Default timeout for UI actions: 10 seconds end-to-end (client enforced; host should also enforce per-operation).

Coordinate model (multi-display)

Requirement: coordinates are per screen, not global.

Standardize for the CLI (agent-friendly): top-left origin per screen.

Proposed request shape:

  • Requests accept screenIndex + {x, y} in that screens local coordinate space.
  • Clawdbot.app converts to global CG coordinates using NSScreen.screens[screenIndex].frame.origin.
  • Responses should echo both:
    • The resolved screenIndex
    • The local {x, y} and bounds
    • Optionally the global {x, y} for debugging

Ordering: use NSScreen.screens ordering consistently (documented in the CLI help + JSON schema).

Targeting (per app/window)

Expose window/app targeting in the UI surface (align with Peekaboo targeting):

  • frontmost
  • by app name / bundle id
  • by window title substring
  • by (app, index)

Peekaboo CLI targeting (agent-friendly):

  • --bundle-id <id> for app targeting
  • --window-index <n> (0-based) for disambiguating within an app when capturing

All “see/click/type/scroll/wait” requests should accept a target (default: frontmost).

“See” + click packs (Playwright-style)

Behavior stays aligned with Peekaboo:

  • peekaboo see returns element IDs (e.g.
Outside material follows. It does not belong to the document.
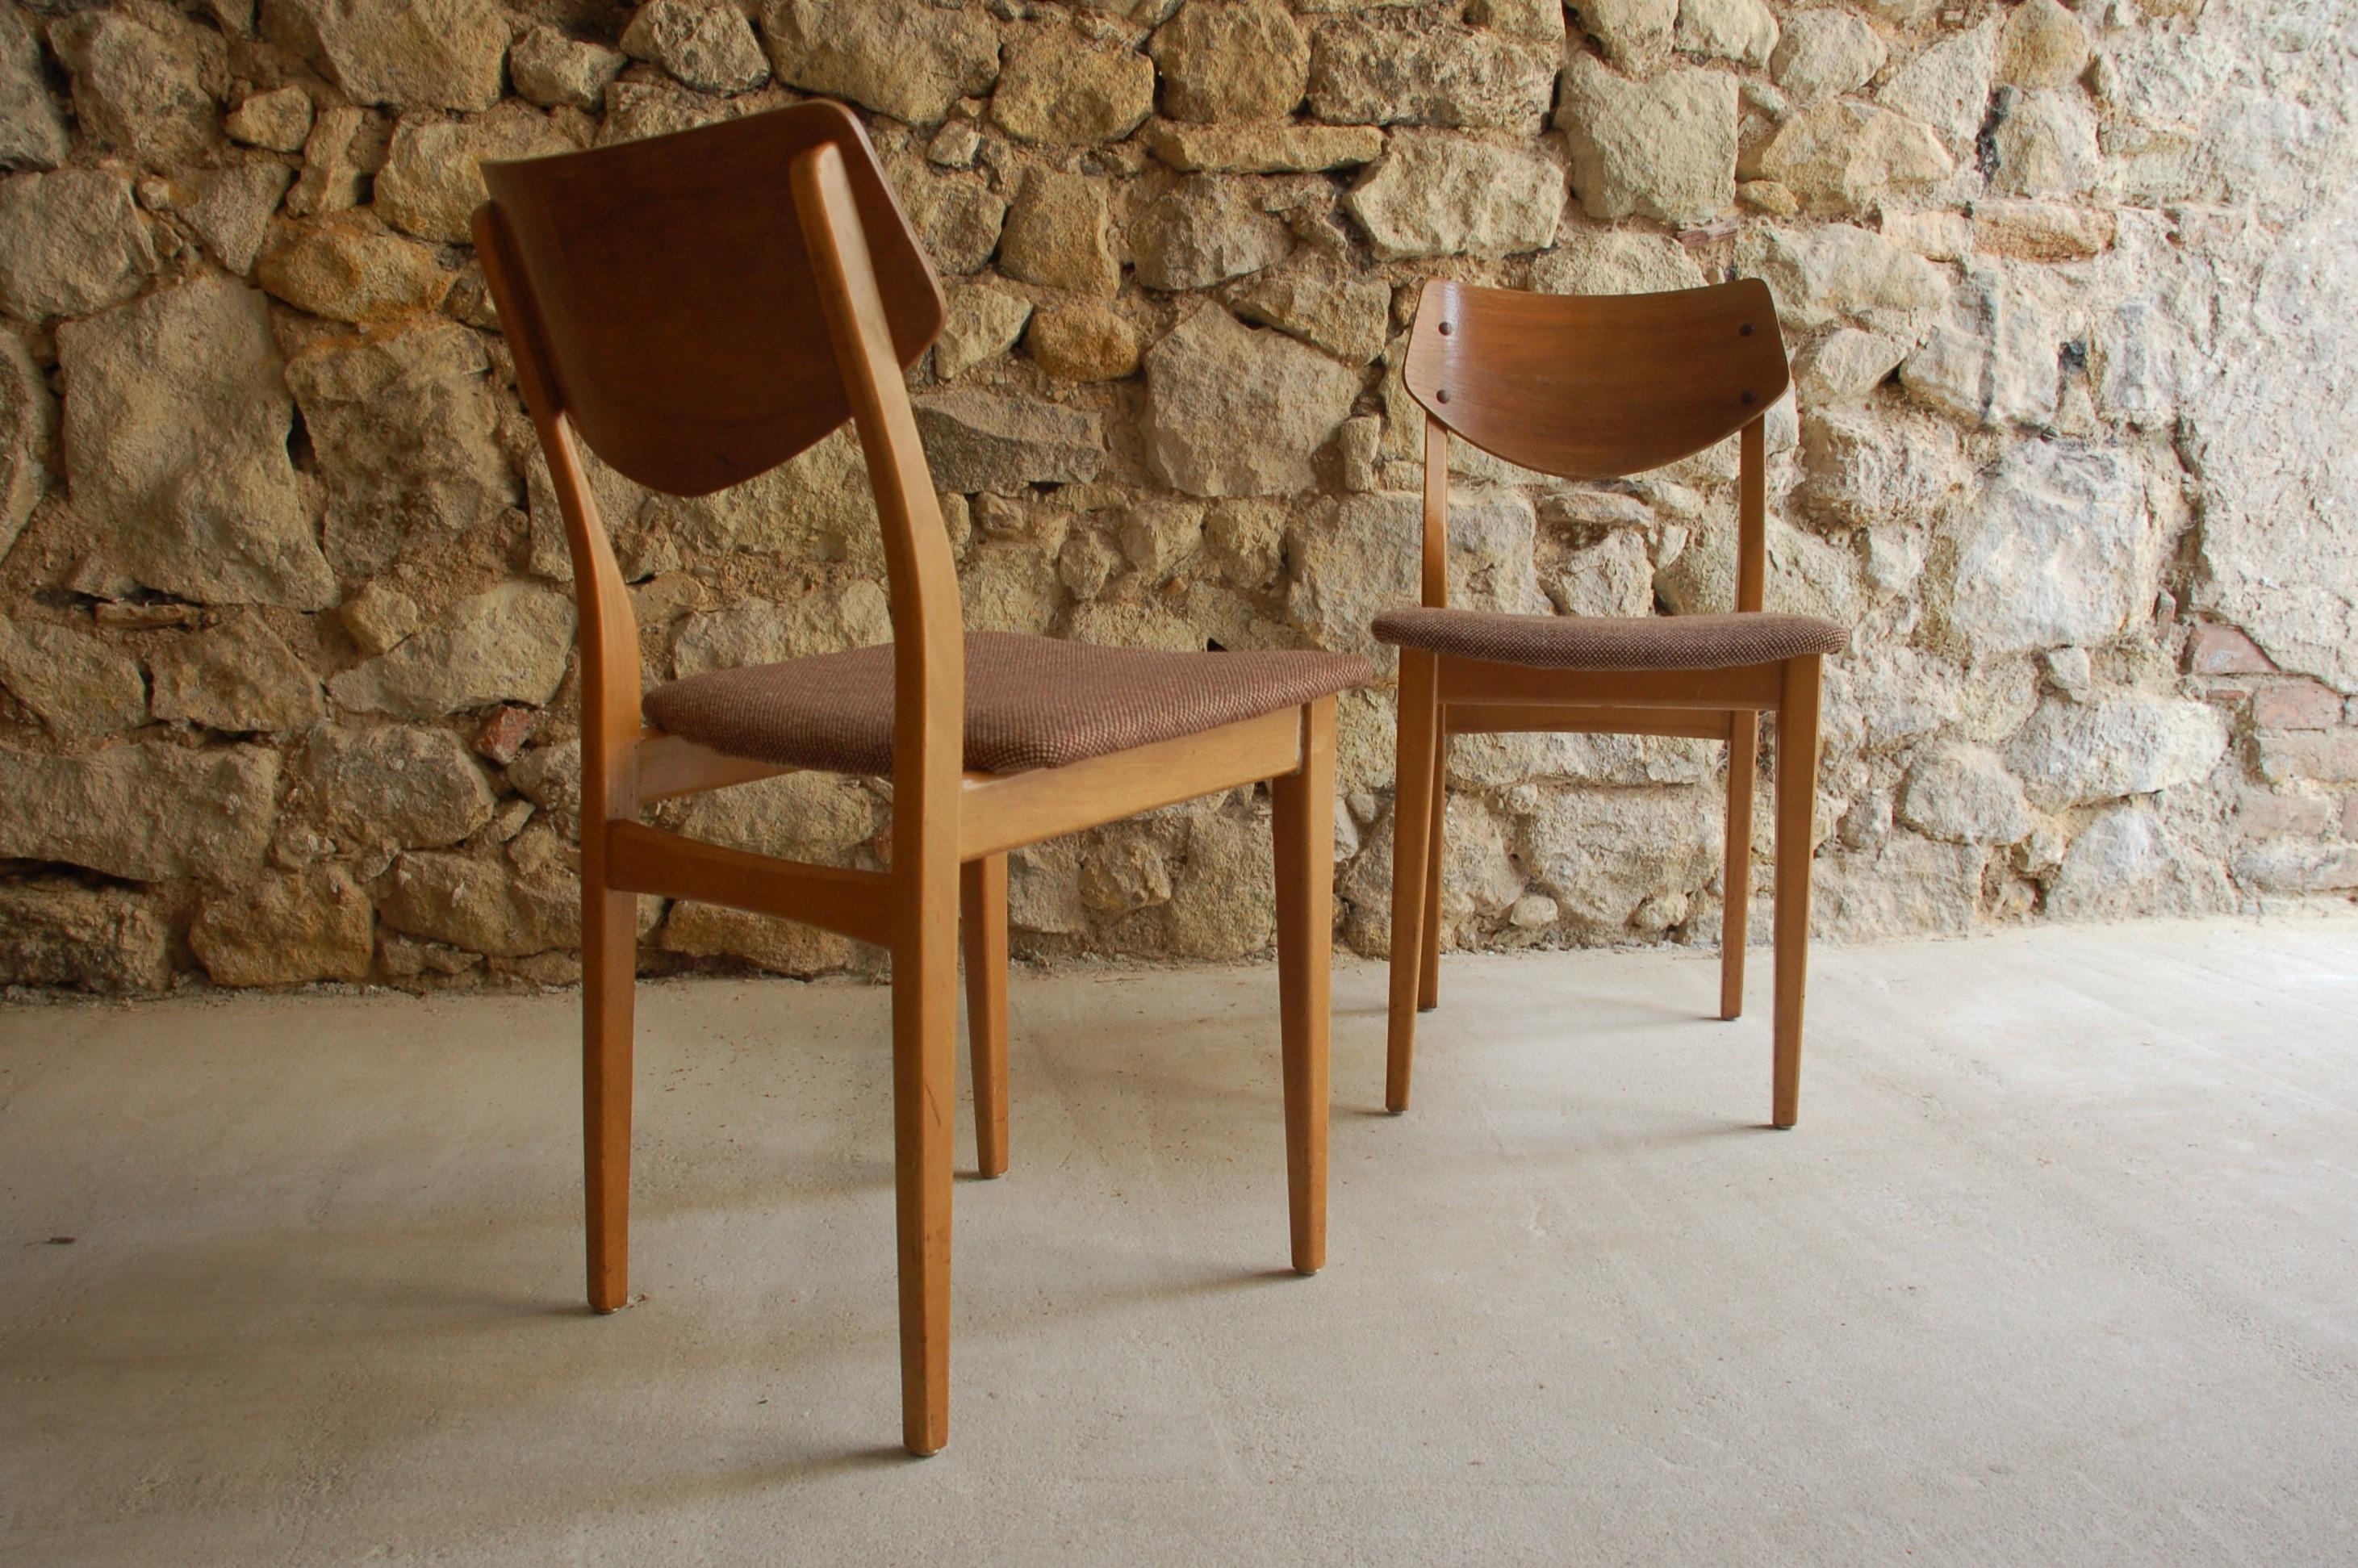 Stühle Chair gebraucht alt Holzstühle Wood Mid Century Modern Polster vintage retro 1950 1960 (12)

B1, T3) with bounds/labels.
  • Follow-up actions reference those IDs without re-scanning.

peekaboo see should:

  • capture (optionally targeted) window/screen
  • return a screenshot file path (default: temp directory)
  • return a list of elements (text or JSON)
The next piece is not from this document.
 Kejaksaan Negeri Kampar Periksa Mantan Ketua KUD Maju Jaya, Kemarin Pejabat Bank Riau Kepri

Snapshot lifecycle requirement:

  • Host apps are long-lived, so snapshot state should be in-memory by default.
  • Snapshot scoping: “implicit snapshot” is per target bundle id (reuse last snapshot for that app when snapshot id is omitted).

Practical flow (agent-friendly):

  • peekaboo list apps / peekaboo list windows provide bundle-id context for targeting.
  • peekaboo see --bundle-id X updates the implicit snapshot for X.
  • peekaboo click --bundle-id X --on B1 reuses the most recent snapshot for X when --snapshot-id is omitted.

Visualizer integration

Keep visualizations in Peekaboo.app for now.

  • Clawdbot hosts the bridge, but does not render overlays.
  • Any “visualizer enabled/disabled” setting is controlled in Peekaboo.app.

Screenshots (legacy → Peekaboo takeover)

Clawdbot should not grow a separate screenshot CLI surface.

Migration plan:

  • Use peekaboo capture … / peekaboo see … (returns a file path, default temp directory).
  • Once Clawdbot legacy screenshot plumbing is replaced, remove it cleanly (no aliases).

Permissions behavior

If required permissions are missing:

  • return ok=false with a short human error message (e.g., “Accessibility permission missing”)
  • do not try to open System Settings from the automation endpoint

Security (socket auth)

Both hosts must enforce:

  • filesystem perms on the socket path (owner read/write only)
  • server-side caller validation:
    • require the callers code signature TeamID to be Y5PE65HELJ
    • optional bundle-id allowlist for tighter scoping

Debug-only escape hatch (development convenience):

  • “allow same-UID callers” means: skip codesign checks for clients running under the same Unix user.
  • This must be opt-in, DEBUG-only, and guarded by an env var (Peekaboo uses PEEKABOO_ALLOW_UNSIGNED_SOCKET_CLIENTS=1).

Next integration steps (after this doc)

  1. Add Peekaboo as a git submodule (nested submodules OK).
  2. Host PeekabooBridgeHost inside Clawdbot.app behind a single setting (“Enable Peekaboo Bridge”, default on).
  3. Ensure Clawdbot hosts the bridge at ~/Library/Application Support/clawdbot/bridge.sock and speaks the PeekabooBridge JSON protocol.
  4. Validate with peekaboo bridge status --verbose that Peekaboo can select Clawdbot as the fallback host (no auto-launch).
  5. Keep all protocol decisions aligned with Peekaboo (coordinate system, element IDs, snapshot scoping, error envelopes).